Walking Through Existence with Some Fly Kicks was about my frustration hauling junk when a customer questioned if I was strong enough to lift a metal desk. Writing it out gave me the ego check that it wasn't about my abilities, it was about putting myself in her shoes, understanding she was more worried about her home being damaged.
Collecting So Easy a Caveman Could Do It was a retrospective on the amount of crap I collected from my days junk-hauling and the realization I needed to make that I was hoarding too tightly things I didn't have any passion to fight to keep.
How to Experience the Dream of the Waking World was one of my best. I enjoyed writing it. It was about coming to terms with my emotions, whether I was feeling down or ecstatic, and understanding it was all ok in this dream of a life.
Writing is just as it is when I found Henry Rollins on YouTube. It is always a struggle, it is always a challenge. It is putting my world down into words. When it comes to content, though, I have to like what I do. I couldn't write it if I didn't. I would start smashing keyboards again.

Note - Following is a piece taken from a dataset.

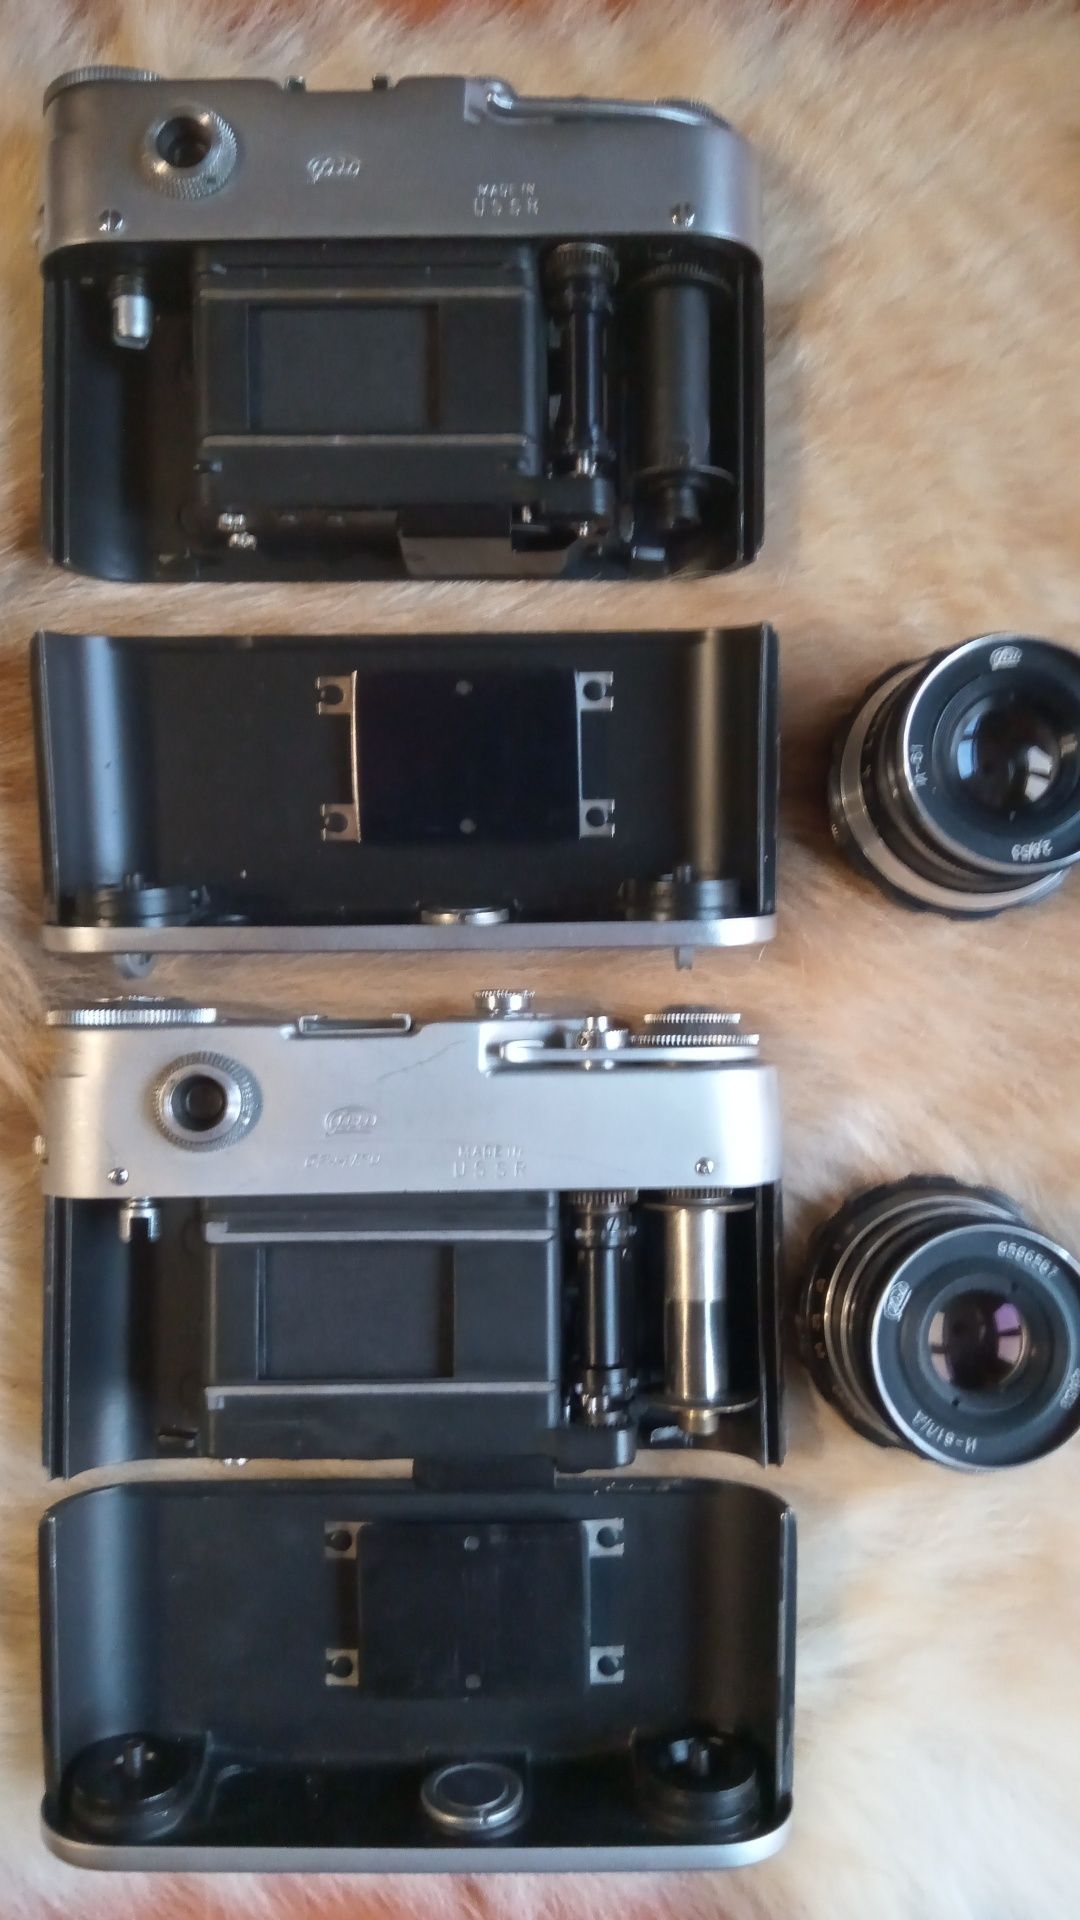 Zabytkowe aparaty fotograficzne FED 4 Dwie różne wersje

It couldn't have been good to just sit and devour clip after clip either. Experimenting with life and not just words has to inform my writing. It is the reason the posts where I observe and experience my cross-country roadtrip, coping with the deaths of loved ones, or moving to Brooklyn have been the most appetizing for me and my audience. It makes me more of a real person having something going on than to simply be a brain on a stick. Anyone with some patience to put words down can do that. It has to be a search for me.
In the words of Rollins, I'm only fucking up because I'm human. Writing helps me sort it out and move on. And in that way there is always material and always an audience.